项目描述:数据里涵盖从2010年12月1号到2011年12月9号期间在英国注册的在线零售店发生的所有在线交易,希望从中挖掘出有用的信息,特别是用户层面
项目数据来源:kaggle
数据字段:
- InvoiceNo: 发票编号。6位整数。如果代码以字母“c”开头,则表示是一个退货订单
- StockCode: 商品代码。为每个不同的产品唯一分配的5位整数
- Description: 商品描述
- Quantity:商品数量
- InvoiceDate:发票日期
- UnitPrice:单价。
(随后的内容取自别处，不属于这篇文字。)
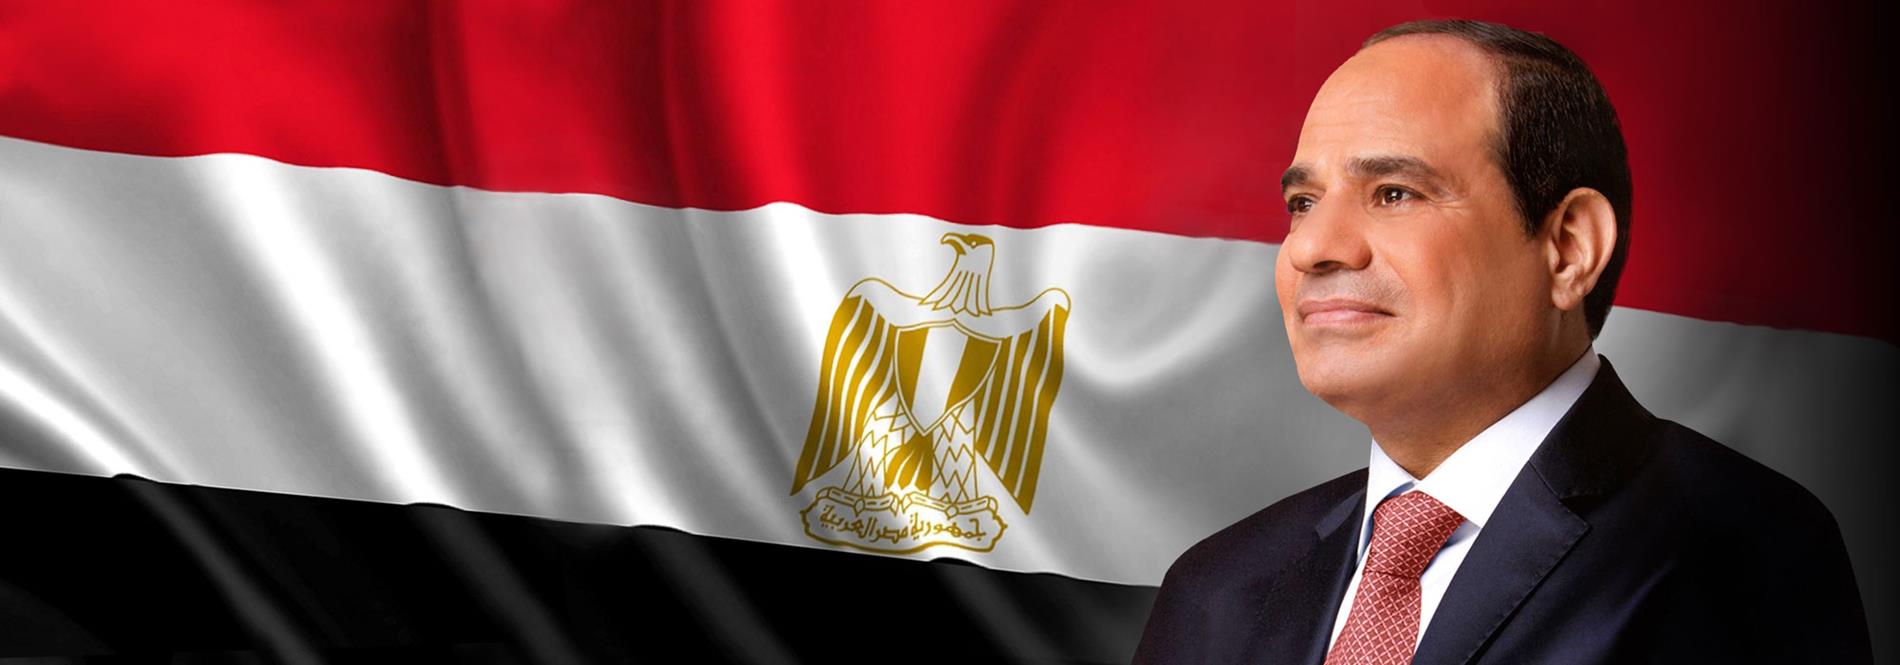 الرئيس عبد الفتاح السيسي يتوجه بالتهنئة لنادي الزمالك على فوزه الرائع اليوم

英镑单位的产品价格
- CustomerID:客户编码
- Country:每个客户所在的国家
模块导入和数据导入
import pandas as pd
import datetime
import math
import numpy as np
import matplotlib.pyplot as plt
import matplotlib.mlab as mlab
import matplotlib.cm as cm
%matplotlib inline
import seaborn as sns
sns.set(style="ticks", color_codes=True, font_scale=1.5)
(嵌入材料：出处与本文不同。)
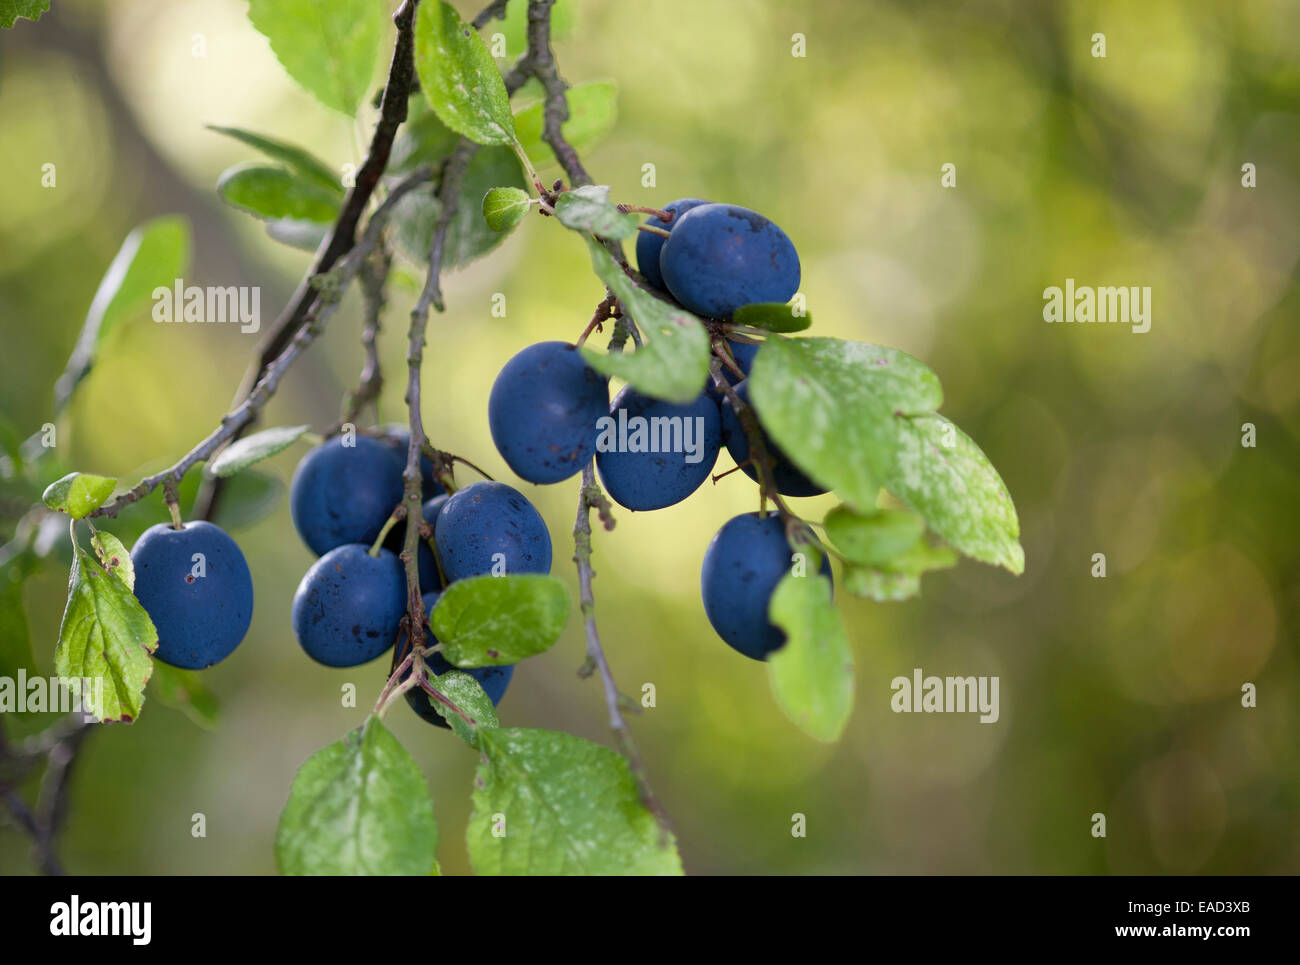 Damson plum, Prunus domestica L. subsp. insititia, Blue subject. Stock Photo

color = sns.color_palette()
sns.set_style('darkgrid')
from scipy import stats
from scipy.stats import skew, norm, probplot, boxcox
from sklearn import preprocessing
from sklearn.cluster import KMeans
from sklearn.metrics import silhouette_samples, silhouette_score
#from IPython.display import display, HTML
from mpl_toolkits.mplot3d import Axes3D
import plotly as py
import plotly.graph_objs as go
py.offline.init_notebook_mode()
import datetime as dt
from IPython.core.interactiveshell import InteractiveShell
InteractiveShell.ast_node_interactivity = "all"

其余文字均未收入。